◆ **Stored data**
=== Begin Enclosure ===
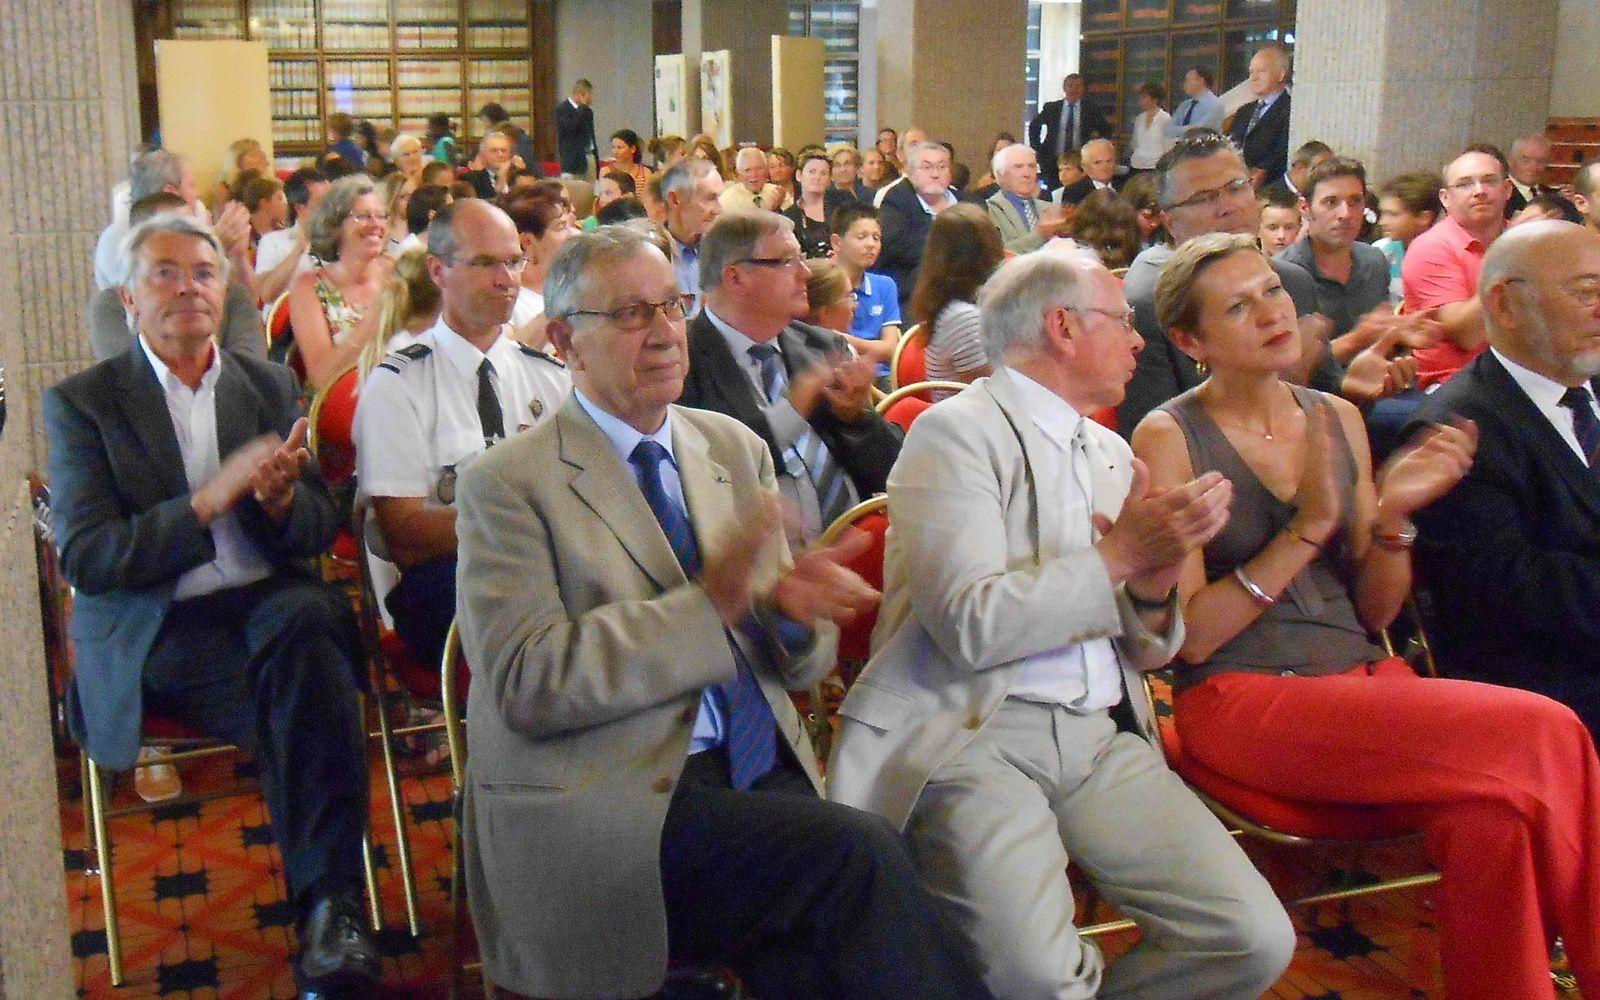 CONCOURS SCOLAIRE : REMISE DES PRIX A VANNES
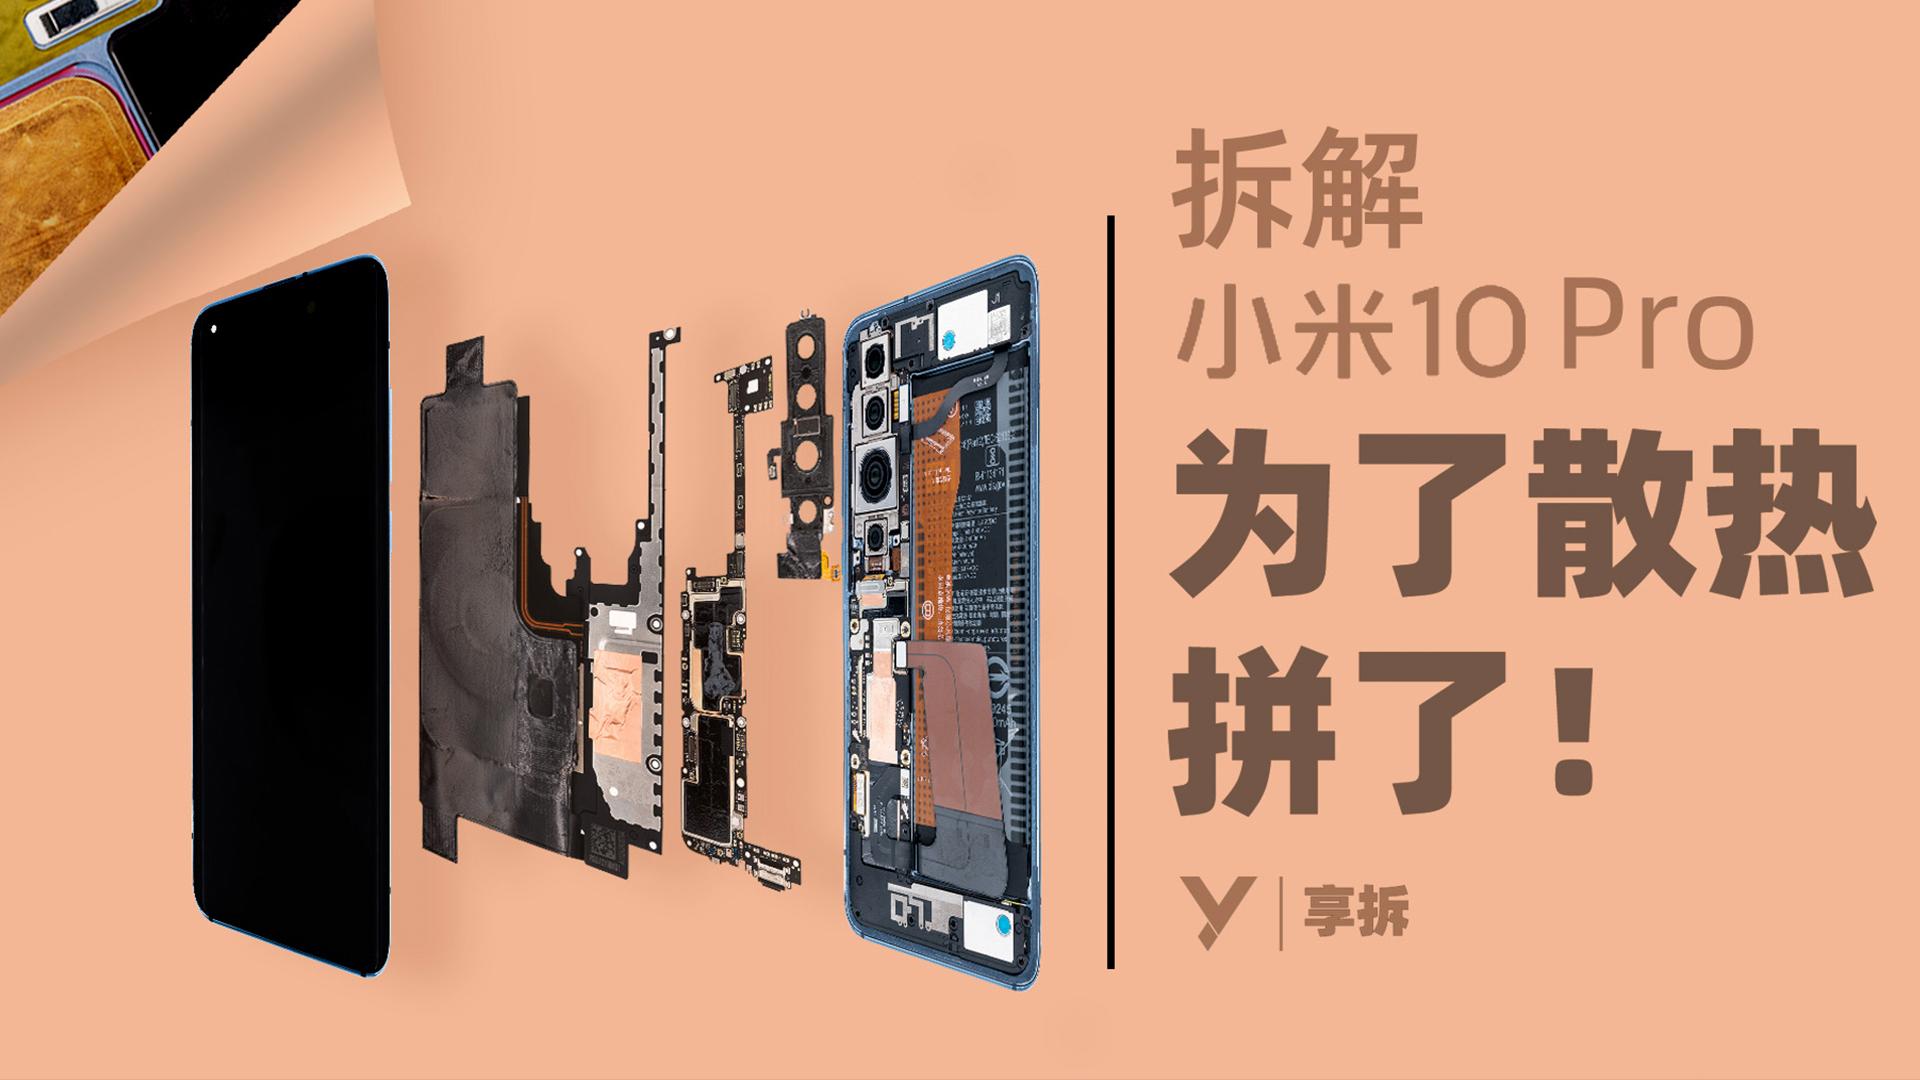 【享拆】小米 10 Pro 拆解:为了散热,拼了!
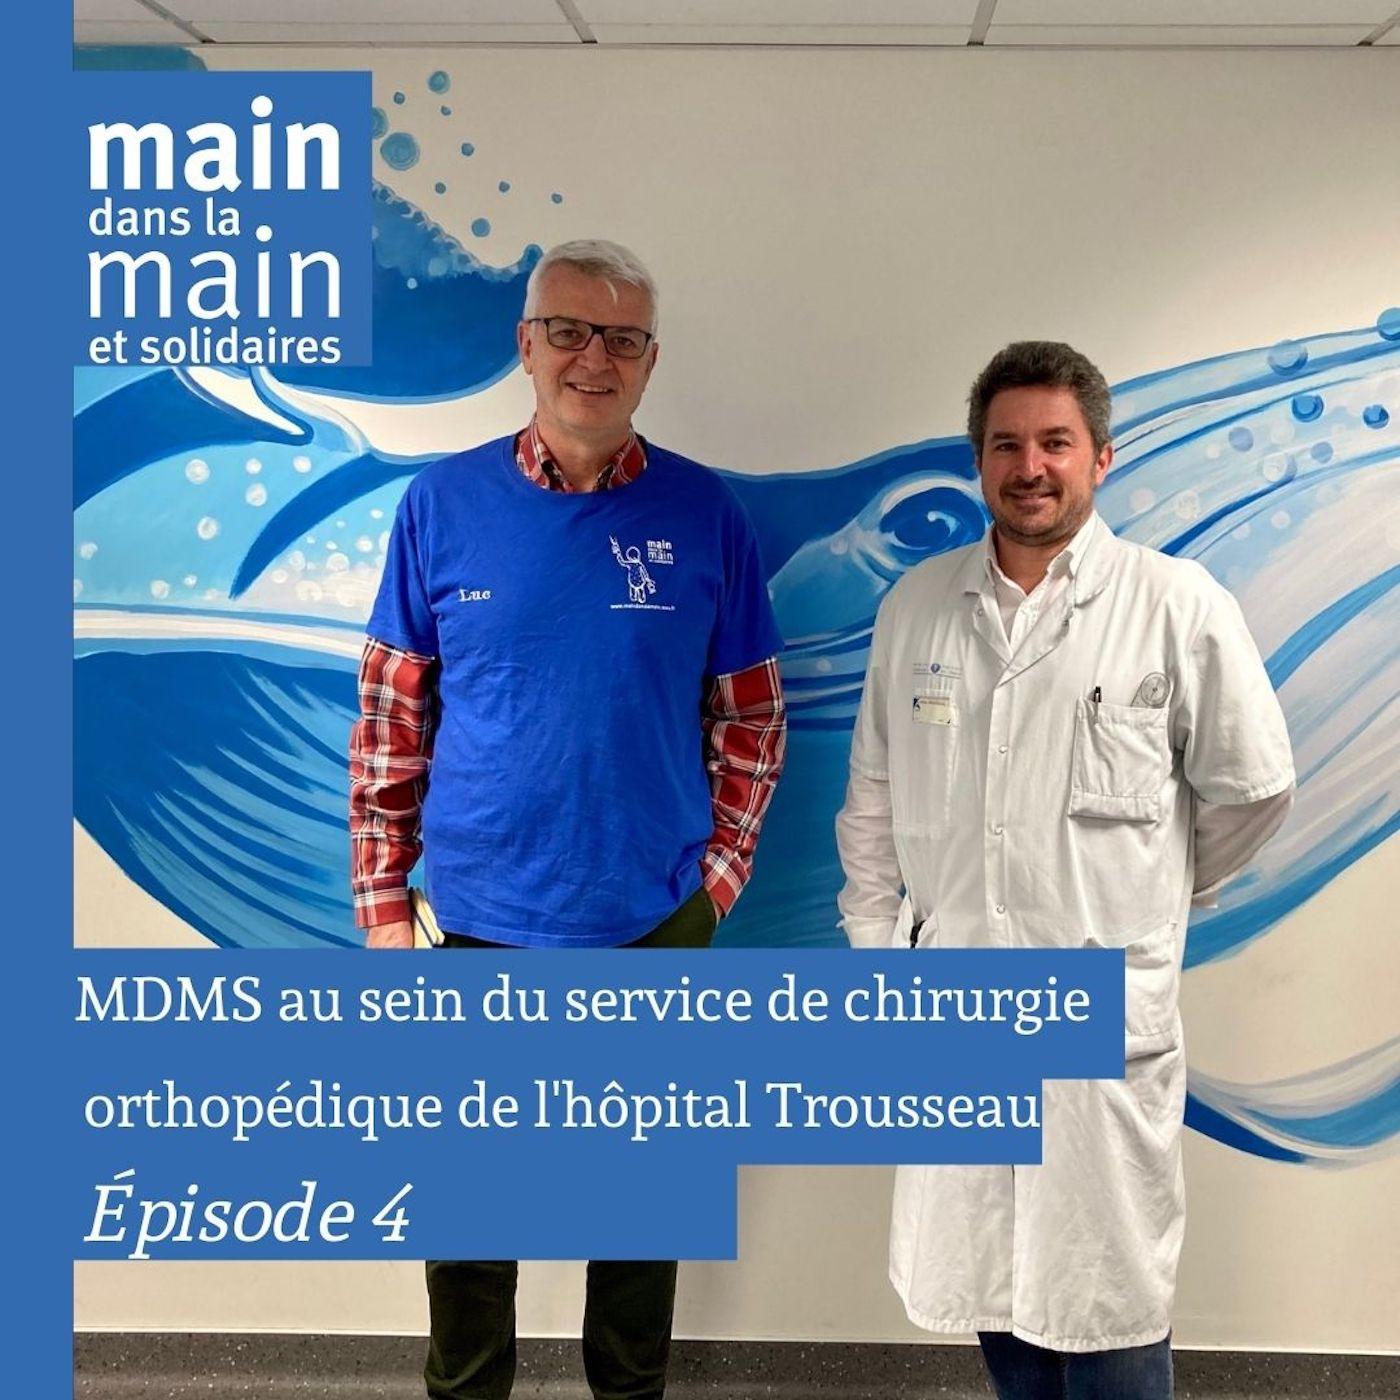 Episode 4 : MDMS à Trousseau avec le Professeur Raphaël Vialle et le bénévole Luc Pinguet
=== End Enclosure ===
◆ **Assignment**
Reproduce the data above line for line, excluding every picture.

◆ **Result for this task**
 CONCOURS SCOLAIRE : REMISE DES PRIX A VANNES
 【享拆】小米 10 Pro 拆解:为了散热,拼了!
 Episode 4 : MDMS à Trousseau avec le Professeur Raphaël Vialle et le bénévole Luc Pinguet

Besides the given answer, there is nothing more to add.